The shRNA approach works a lot like ASOs—they cut UBE3A-ATS RNA at a specific spot. However, they can be delivered with AAV vectors, so it’s a long-lasting approach that can’t potentially over-produce UBE3A, like other types of AAV gene therapy can. It’s also a proof-of-concept for other RNA cutters that can be similarly delivered, such as miRNA, CRISPR/Cas13, and ribozymes. They all cut RNA, and can theoretically be delivered using long lasting viral vectors. Our goal for the shRNA is to use it to provide a one-time treatment that would last decades. We’ll have to be extra careful to think about safety, though because it is so long lasting.
How do you assess - from today's point of view - the future of the drug treatment of Angelman syndrome?
Like you all, I’m anxiously awaiting the results of the clinical trials for ASOs. I think we need to be patient and wait until kids of different ages have been treated with what is determined to be the best dose before we get too confident. Other therapeutic approaches, like the shRNAs, will depend on how the ASO trials go. However, I think we all should be optimistic because we have three different attempts coming up and their interest and progress has drawn other companies into Angelman therapeutics. Pharma thinks they can make a difference for kids with AS, and it’s always good to have their optimism behind the community. If the ASOs work, then there will be many trying to make better therapeutics. Better can mean many things—easier to deliver, longer lasting, or targeting a different area of the brain. I just hope that some companies and research labs continue to study ways to therapeutically help older individuals with AS who may not benefit as strongly from the ASOs and other genetic therapies.

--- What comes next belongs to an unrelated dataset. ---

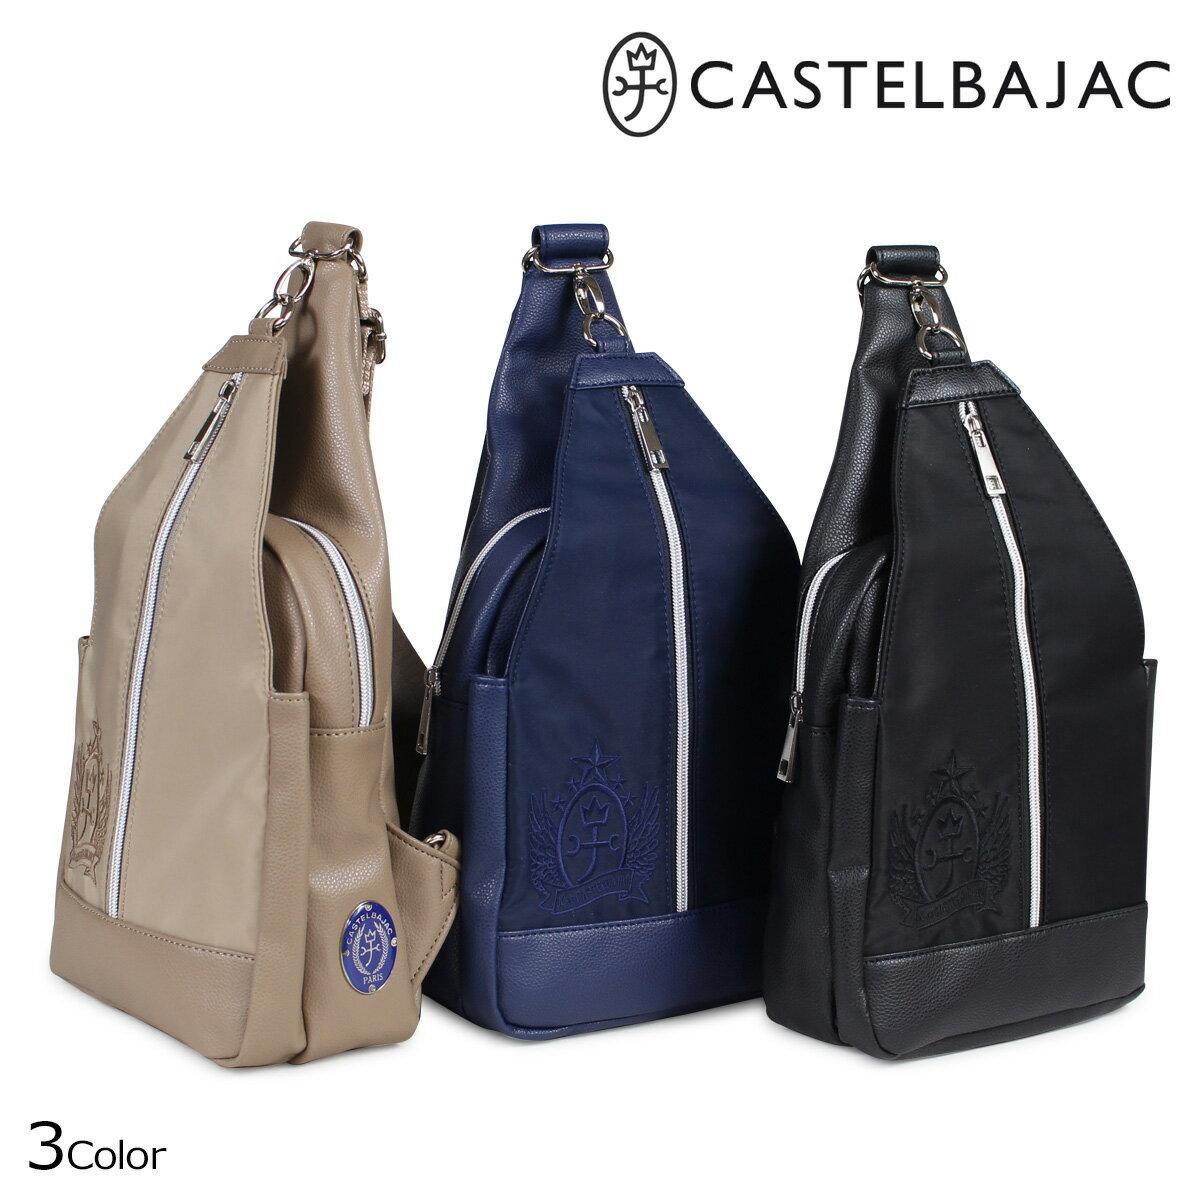 CASTELBAJAC カステルバジャック バッグ ボディーバッグ メンズ 23603137

How do you assess the developmental potential of "adult Angelman brains" in a possible future treatment?
The information inferred about this from mice is only a hint, and shouldn’t be taken too literally. Humans take much longer to develop, so it seems possible that humans would have a longer developmental window for treatment. The only way to know this for sure is to treat individuals of different ages with ASOs. I suspect that will happen by real, careful clinical trials, however, it will likely happen after trials involving younger kids have been completed. Humans can learn throughout life, so it’s possible that there will be some benefit of restoring UBE3A in older individuals, too. Then it becomes a risk versus benefit calculation.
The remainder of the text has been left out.